**What to do**
Transcribe the listing below exactly, leaving out each image.

**Source data**

<<<<

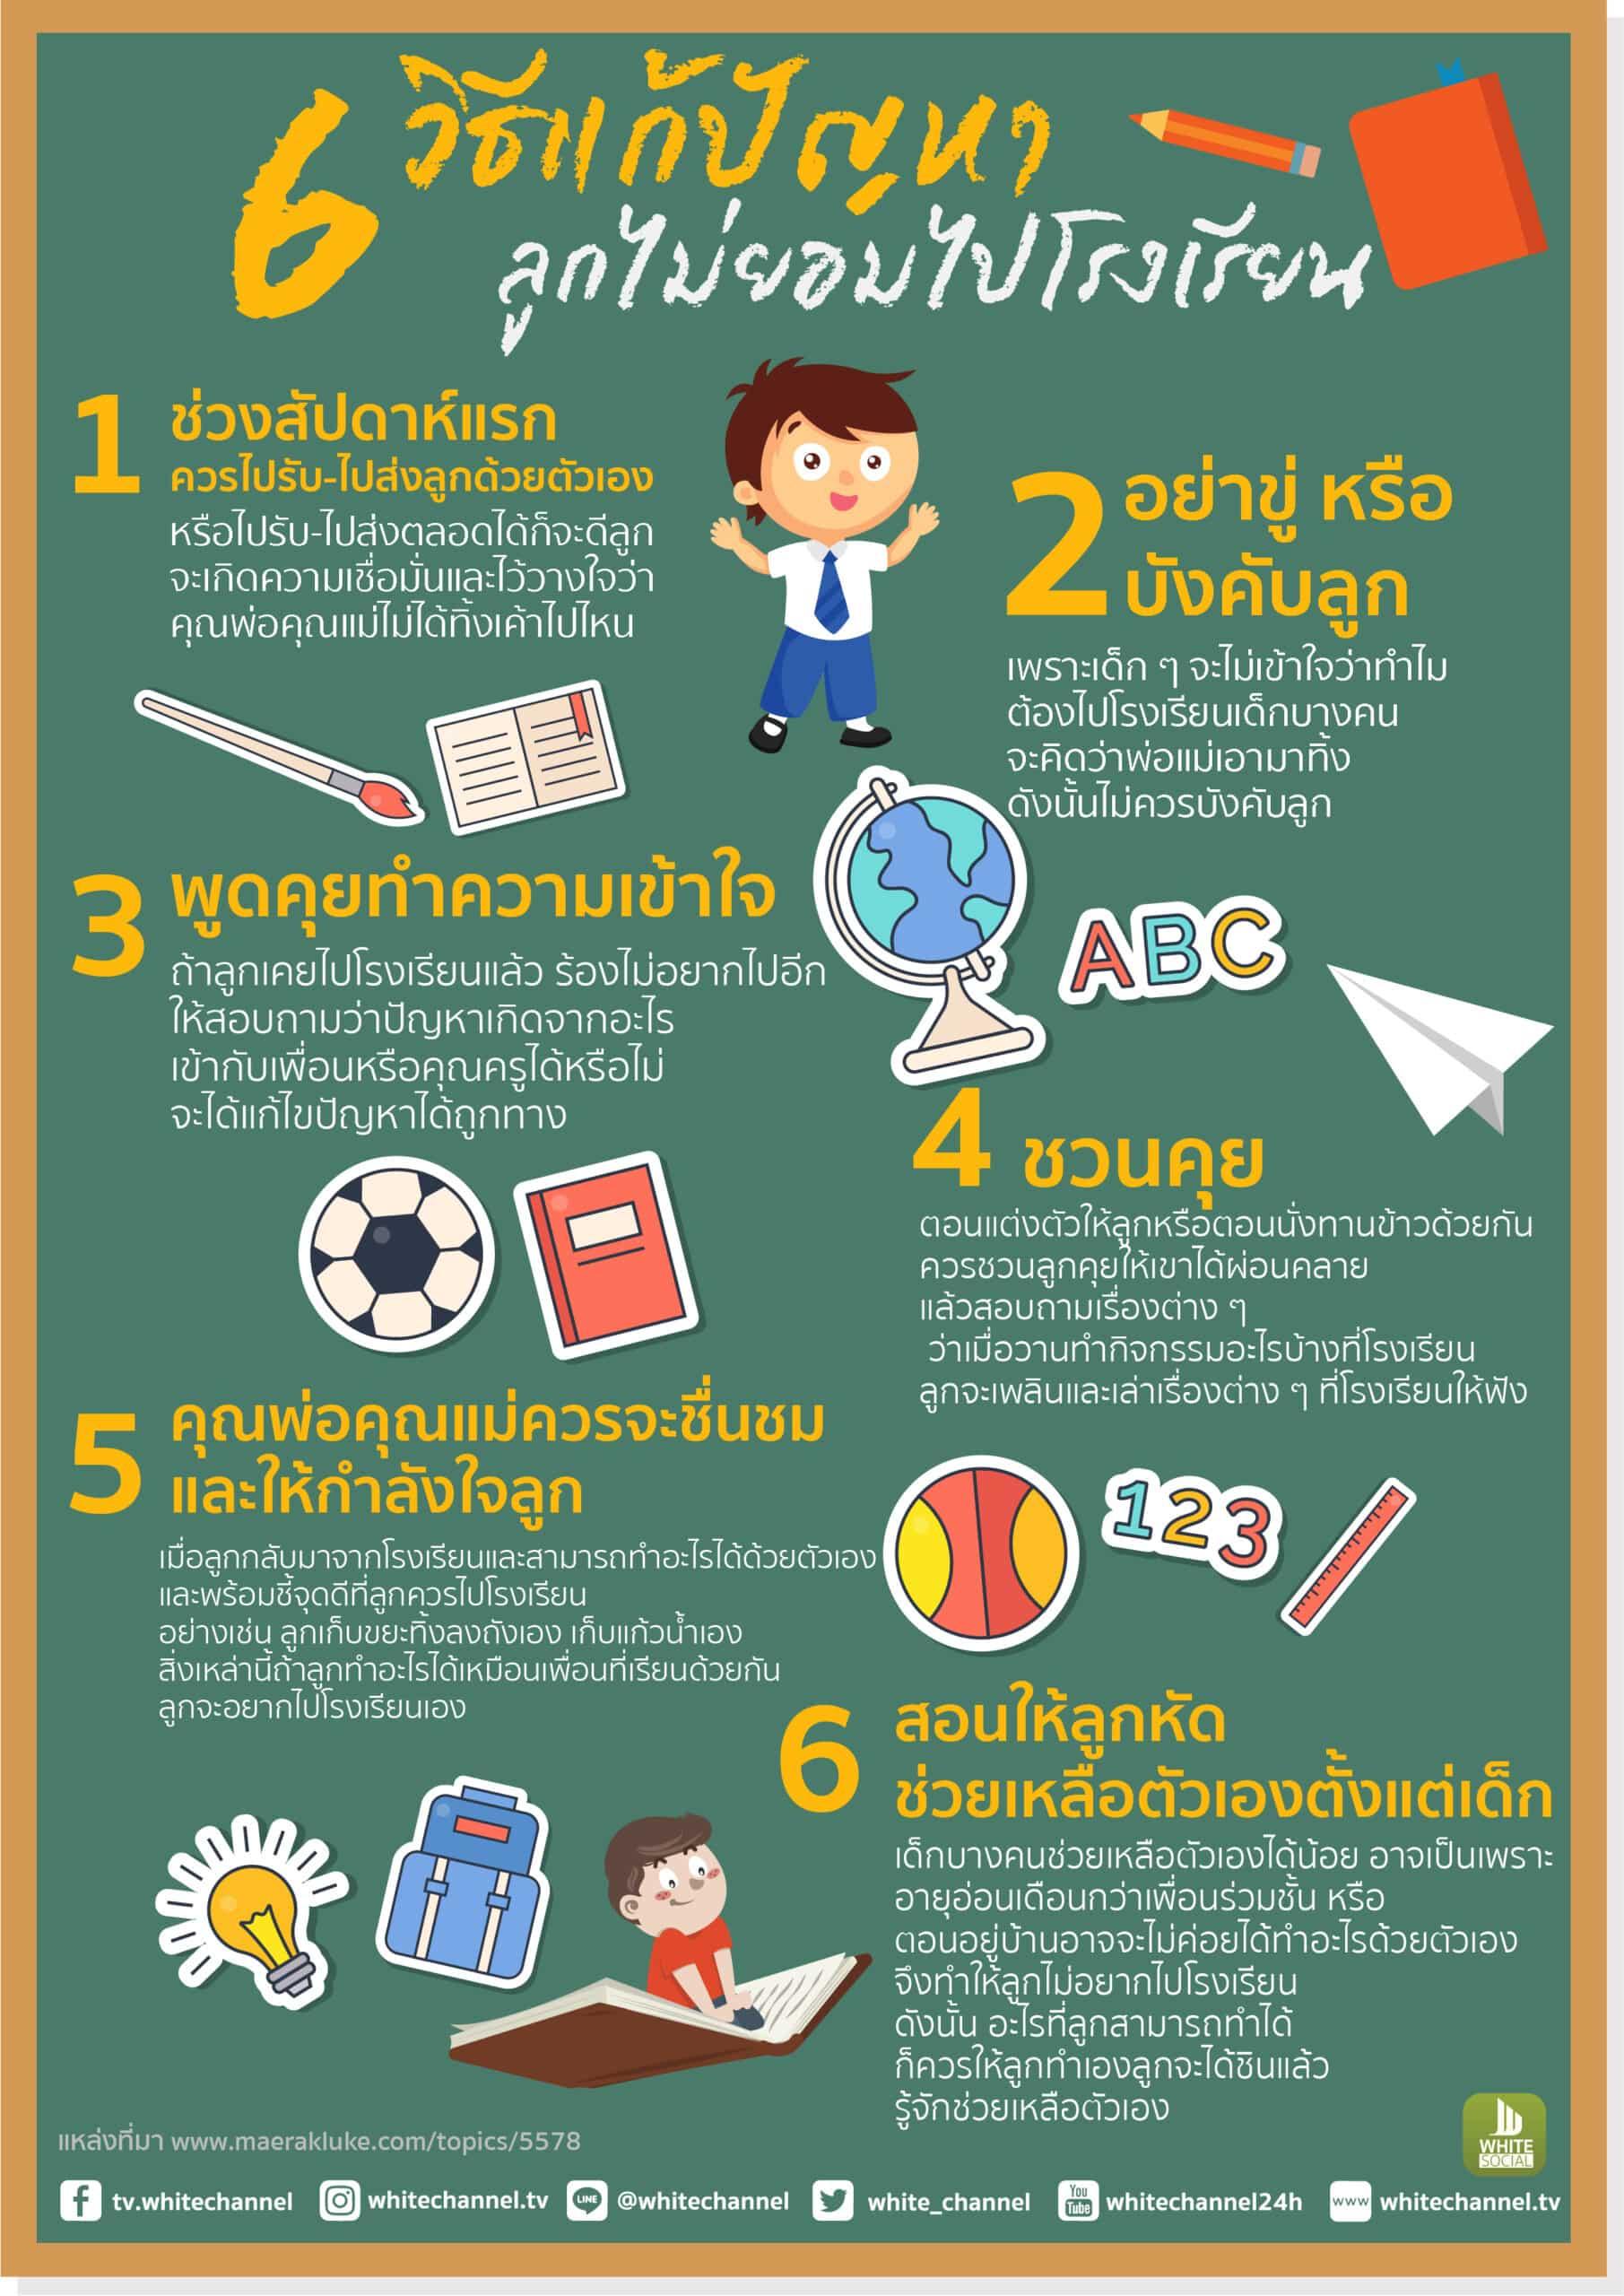 6 วิธีเมื่อลูกไม่ไปโรงเรียน
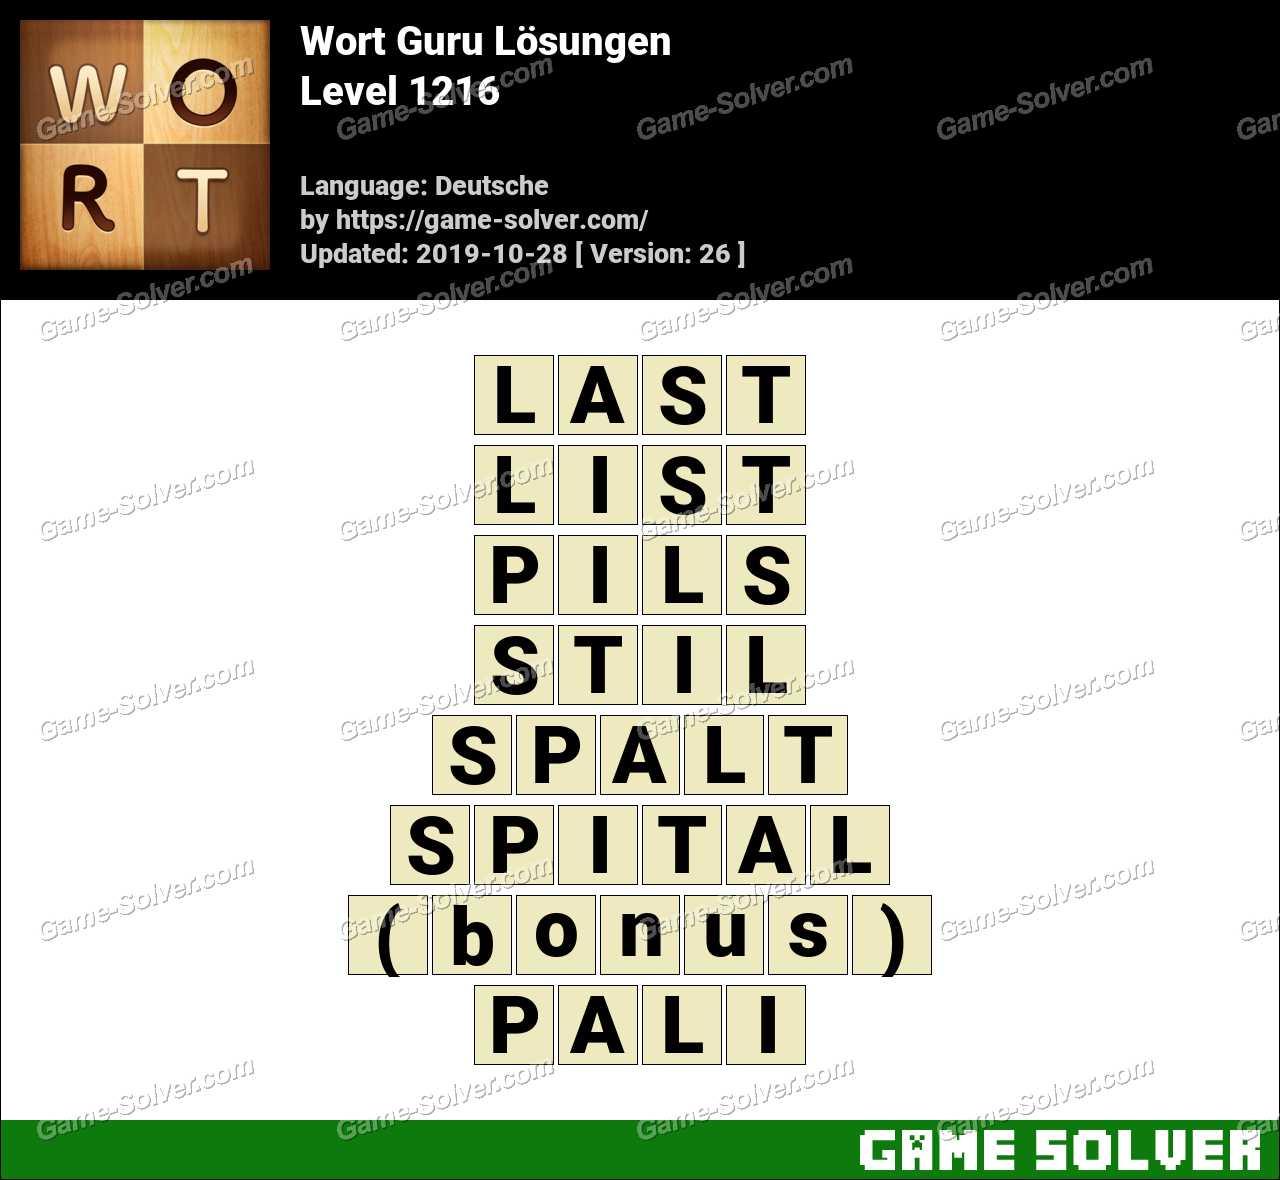 Wort Guru Level 1216 Lösungen
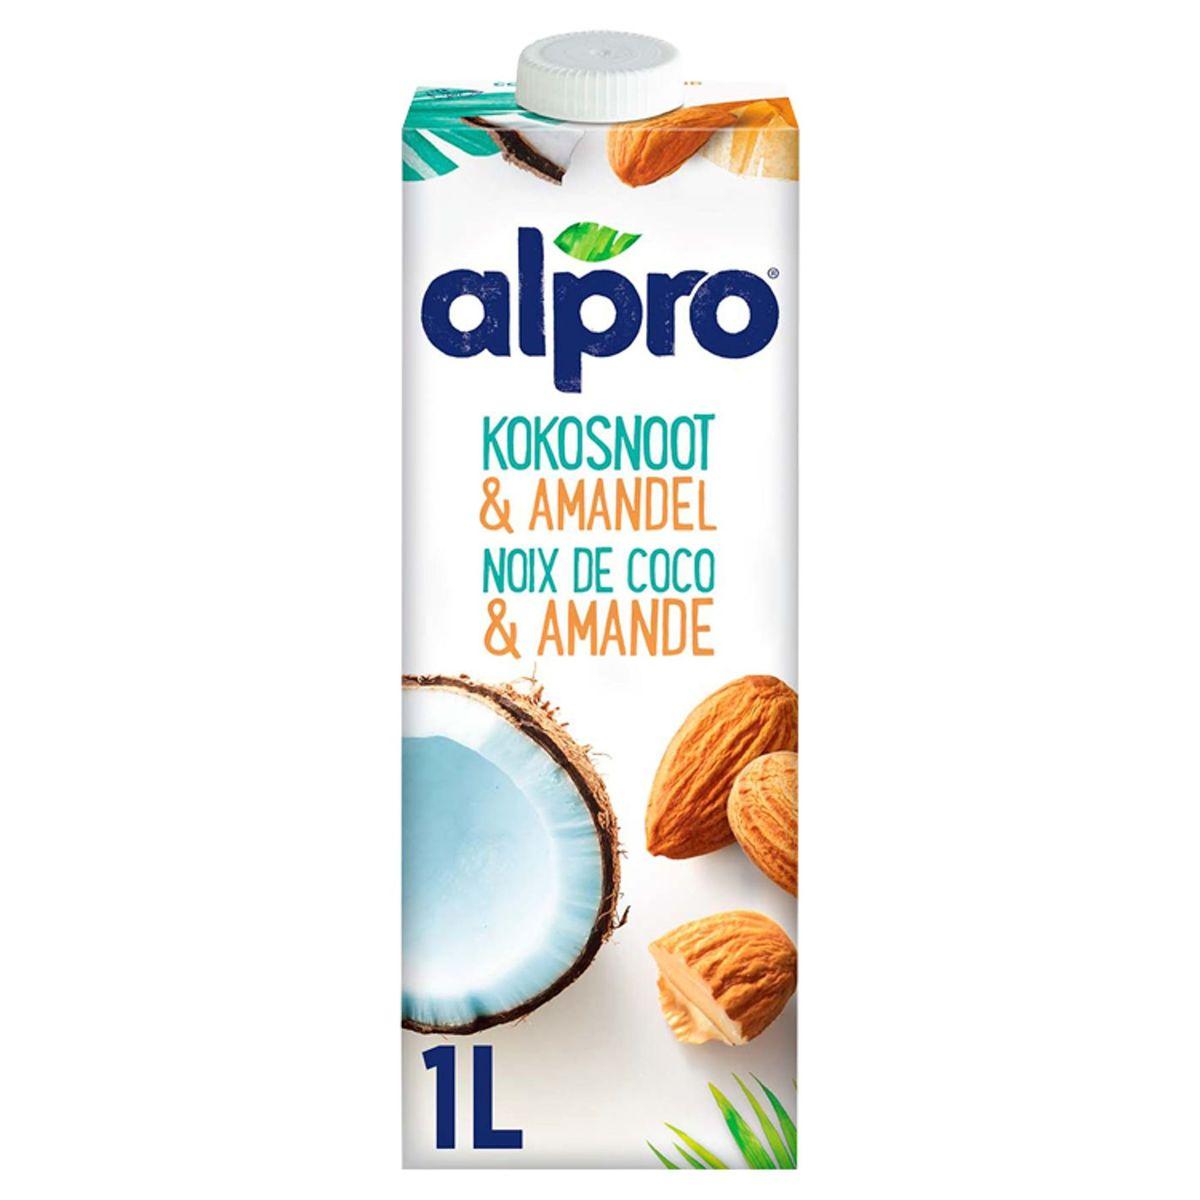 Alpro Boisson Noix de Coco-Amande 1 L

>>>>

**Reply to the exercise**
 6 วิธีเมื่อลูกไม่ไปโรงเรียน
 Wort Guru Level 1216 Lösungen
 Alpro Boisson Noix de Coco-Amande 1 L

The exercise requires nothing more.